Montclair se encogió de hombros.
—No muy bien. Los gastos han descendido un tanto. Desde lo de Argoud, todos los héroes del CNR han ido a hospedarse en pensiones. Diríase que han perdido su afición a los hoteles de cinco estrellas y a las entrevistas por televisión. Por otra parte, los ingresos se han reducido al mínimo. Como dijo usted, tiene que haber un poco de acción; de lo contrario, nos extinguiremos por falta de fondos. Esta clase de asuntos no viven de amor y de besos.
Rodin asintió gravemente.
—Me lo figuraba. Tenemos que conseguir dinero, de donde sea. Por otra parte, sería inútil lanzarse a ese tipo de acción sin saber cuánto necesitaremos...

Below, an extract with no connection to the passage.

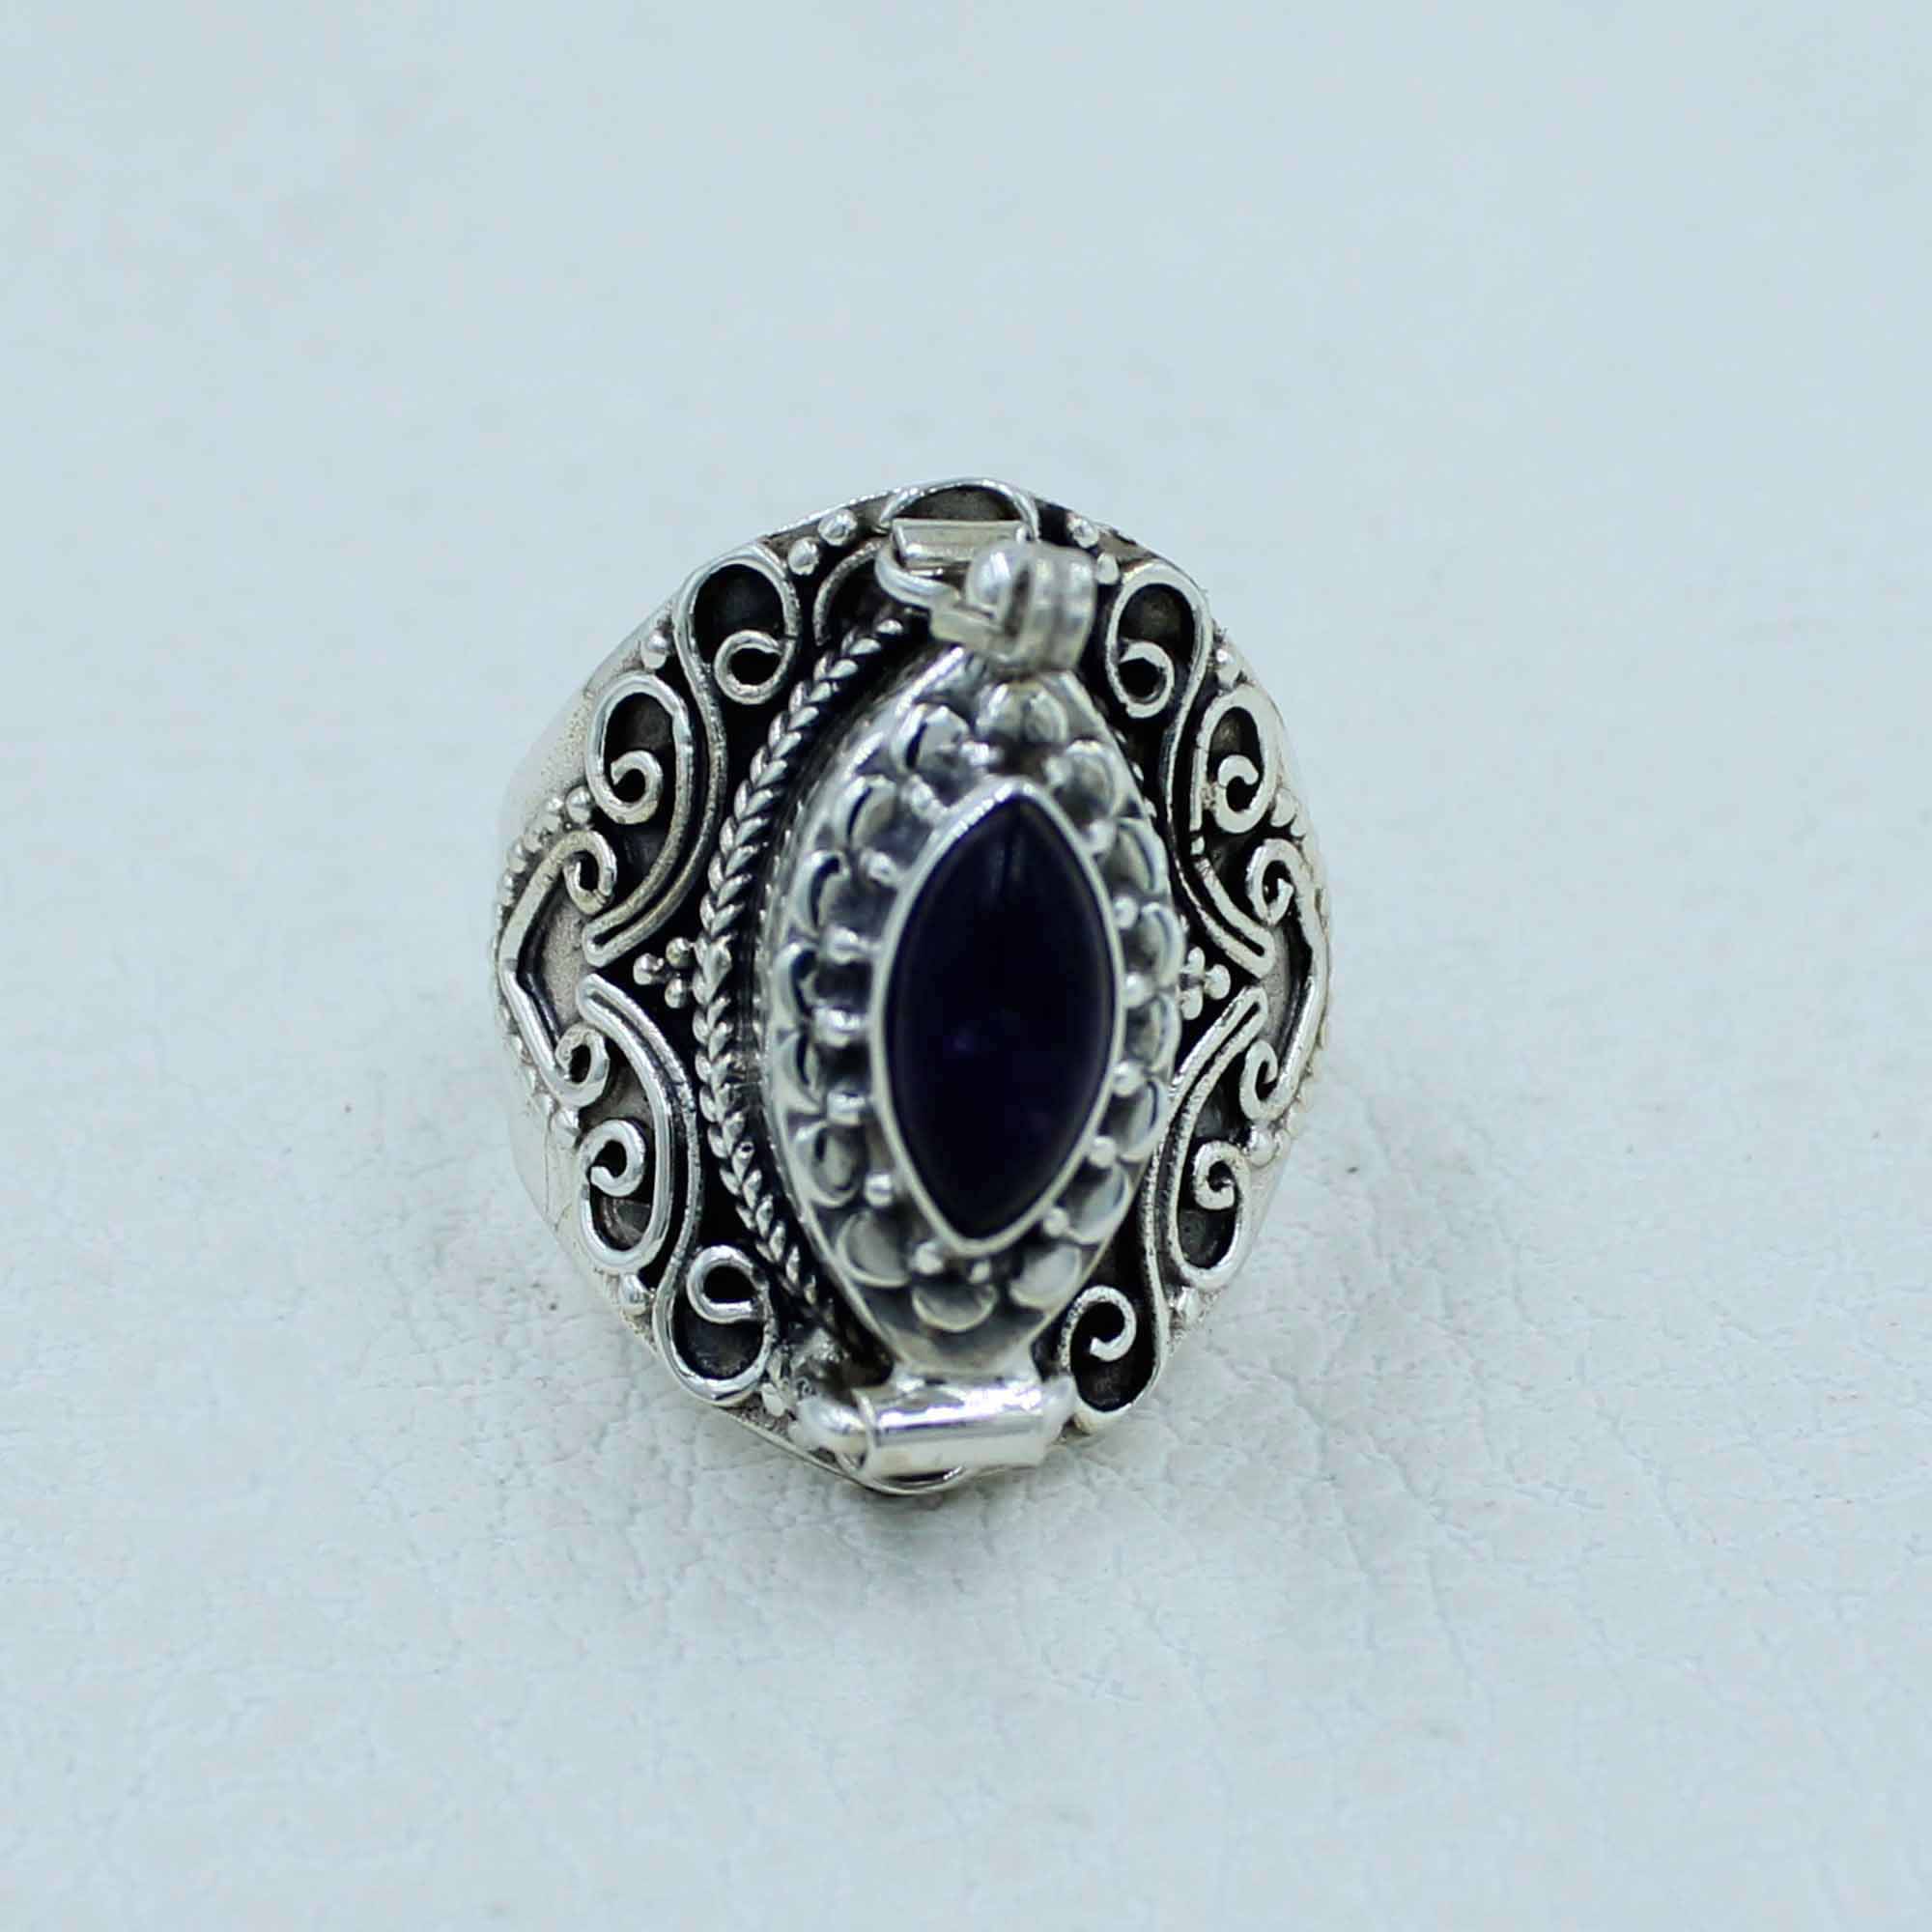 Amethyst Cabochon 925 Silver Poison Ring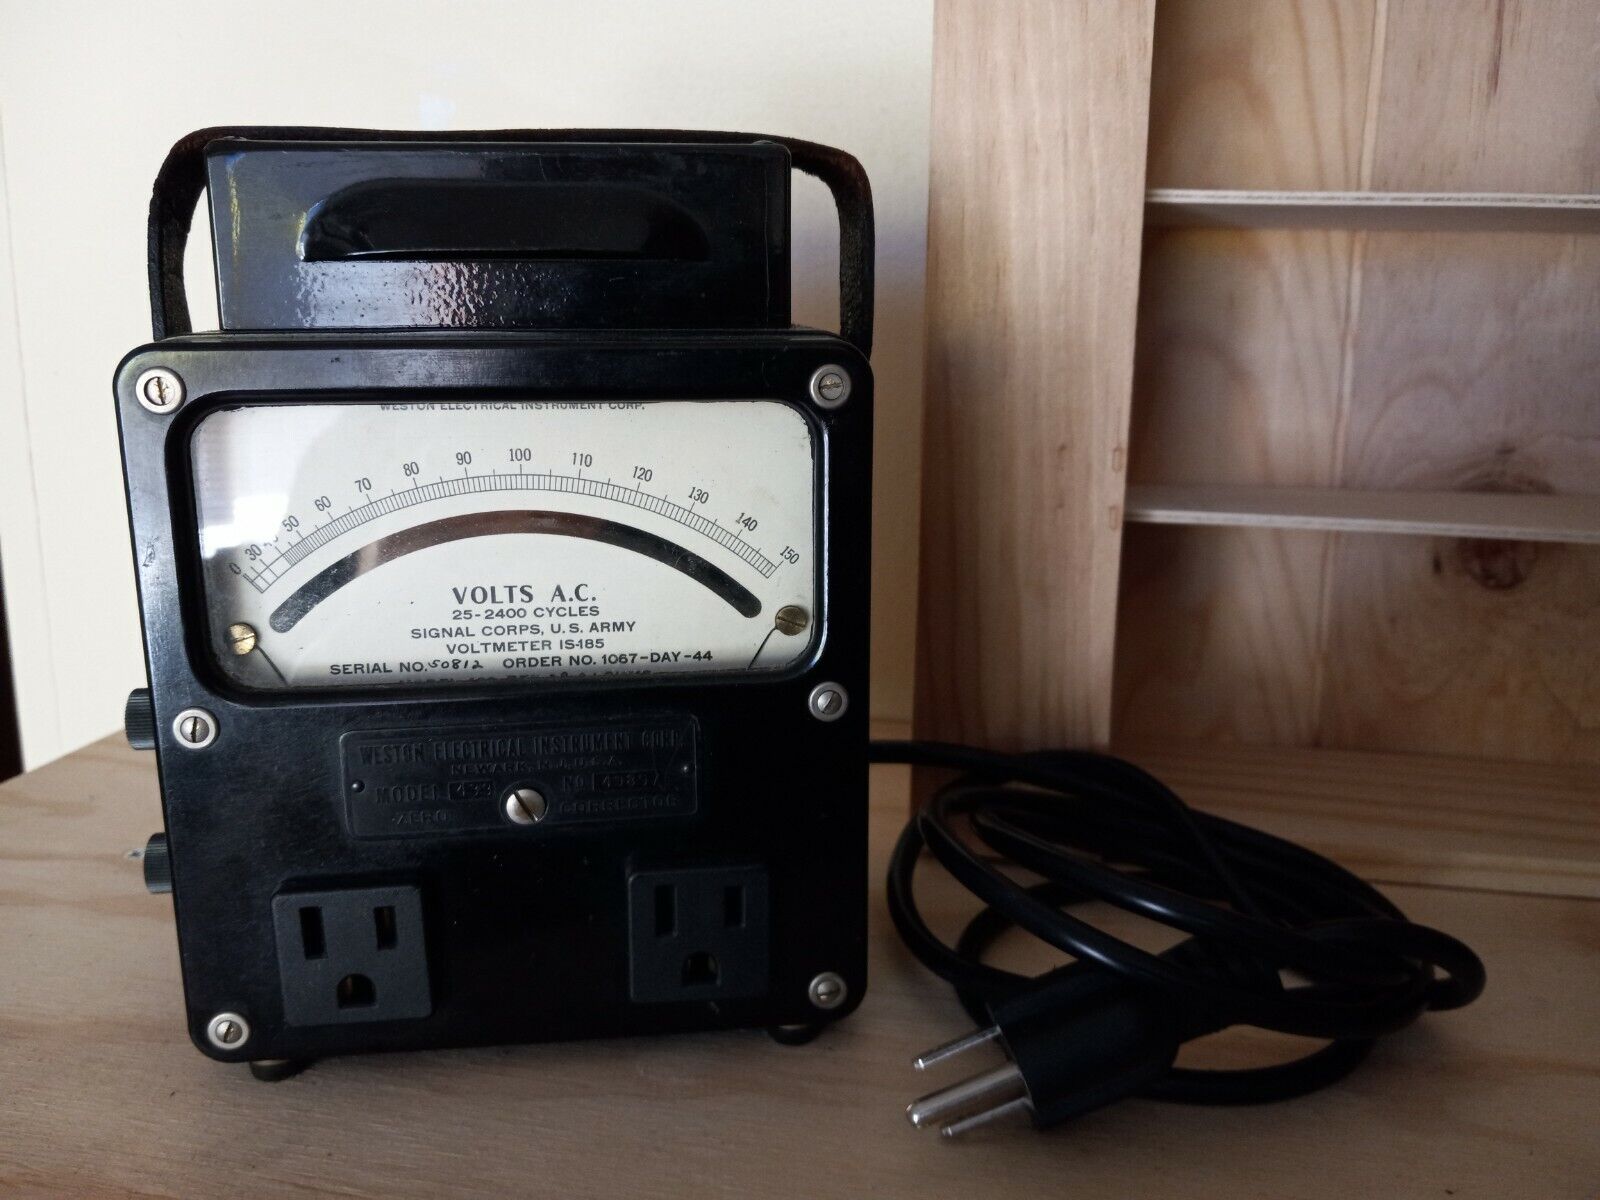 WESTON AC METER MODEL 433 CONVERTED INTO A NON-FUSED POWER STRIP

—Lo cual significa–le interrumpió Casson, suavemente–, que el primer paso a realizar es ponerse en contacto con el inglés y preguntarle si estaría dispuesto a aceptar el trabajo y cuánto pediría por ello.
—Exacto. Bien, ¿estamos de acuerdo?
Rodin miró a los dos hombres, uno después de otro. Ambos asintieron con la cabeza. Rodin echó una ojeada a su reloj de pulsera.
—Es poco más de la una. Tengo un agente en Londres a quien debo telefonear y pedirle que se ponga en contacto con este hombre y le invite a venir. Si está dispuesto a ir esta noche a Viena en el avión de la tarde, podremos reunirnos con él después de la cena. En todo caso, lo sabremos cuando mi agente me telefonee. Me he tomado la libertad de reservarles habitación en este mismo pasillo. Son las dos contiguas a la mía. Pensé que estaríamos más seguros juntos y protegidos por Viktor, que separados pero sin defensa. Por si acaso,
¿comprenden?
—Así que estaba usted muy seguro de que aprobaríamos su plan, ¿no es verdad?–preguntó Casson, un tanto molesto por el hecho.
Rodin se encogió de hombros.
—Conseguir esta información ha llevado mucho tiempo. Cuanto menos tiempo perdamos de ahora en adelante, tanto mejor. Si debemos echar a andar, hagámoslo de prisa. Se levantó, y los otros dos le imitaron. Rodin llamó a Viktor y le ordenó que bajara a recepción y recogiera las llaves de las habitaciones 65 y 66. Mientras esperaban a Viktor, Rodin explicó a sus colegas:
—Debo telefonear desde la central de Correos. Me llevaré a Viktor conmigo. Mientras yo esté fuera, será mejor que se queden los dos en el mismo cuarto, con la puerta cerrada con llave. Mi señal será tres llamadas, una pausa, y luego dos más.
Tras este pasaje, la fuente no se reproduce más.